Work with 64-bit computer.

$B=2^{64}$

A "limb" is a "machine word".

To multiply integers

  1. split into polynomials
  2. evaluate polynomials
  3. multiplications
  4. interpolate --> polynomials

  5. reconstruct our product

Now, write in symbols $M=f_1(2^k)$ and $N=f_2(2^k)$, for sufficiently big $k$, where $f_1(x) = a_0 + a_1 x + \cdots + a_n x^n$, and $f_2(x) = b_0 + b_1 x + \cdots + b_n x^n$, where the $a_i$ and $b_i$ are the "digits in base $2^k$".

Then $MN = f_1(2^k) \cdot f_2(2^k) = (f_1 \cdot f_2)(2^k)$. Evaluating $f_1\cdot f_2$ (reconstruct -- part 5) is easy bit shifting. So now we focus on polynomial multiplication.

Karatsuba (1962)

$$(c_0 + c_1y)(d_0 + d_1y) = c_0d_0 + c_1d_1 y^2 + [(c_0 + c_1)(d_0 + d_1) -c_0d_0 - c_1d_1]y$$

For larger polynomials, divide and conquer.

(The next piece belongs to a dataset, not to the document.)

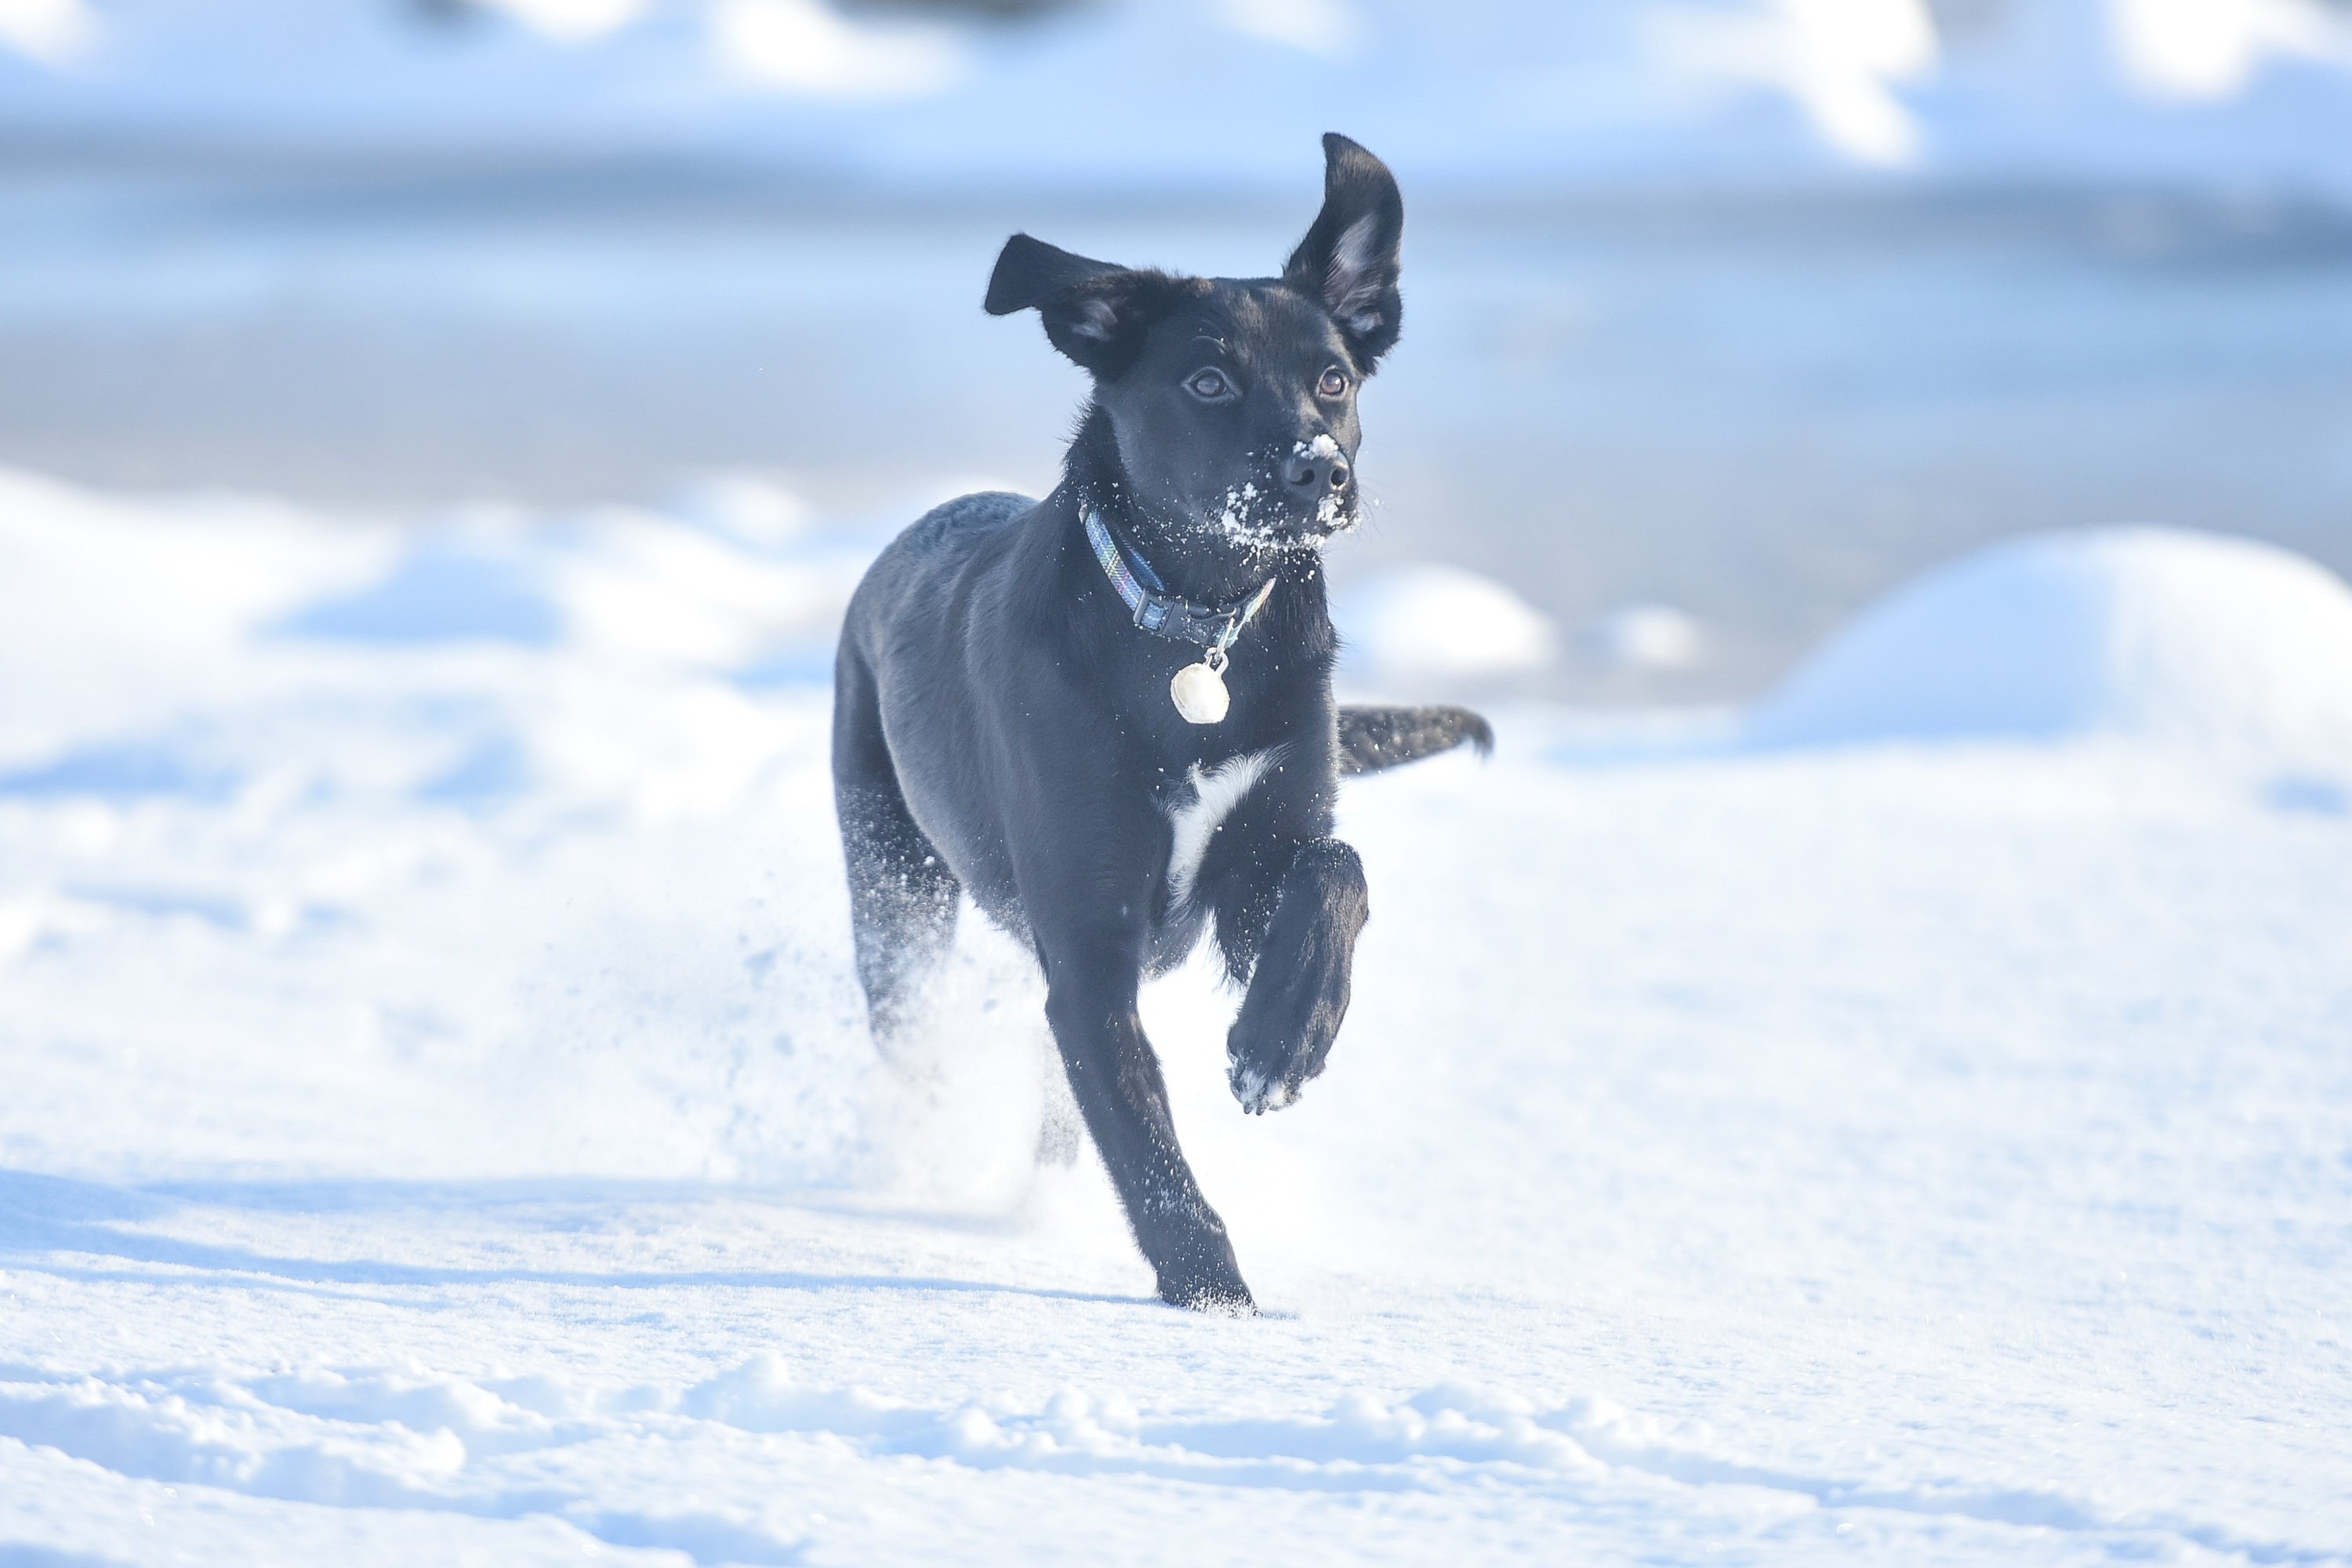 Maya, a 1 year old labrador puppy, is seen running through a snowy field near Aviemore in the Scottish Highlands on December 14 2015. Last night, Sunday, Scotland's coldest temperature for this Winter was recorded in Dalwhinnie at -8.7C. Up to 15cm of snow fell in Aviemore overnight and local schools were closed.

$$c_0 = a_0 + a_1 x + ... + a_{\lceil n/2\rceil} x^{\lceil n/2\rceil}$$

$$c_1 = a_{\lceil n/2\rceil+1} x^{\lceil n/2\rceil+1} + \cdots + a_n x^n$$

$$d_0 = ...$$

$$d_1 = ...$$

Knuth Multiplication

Very very hard to find in the literature (impossible?). I couldn't find a reference.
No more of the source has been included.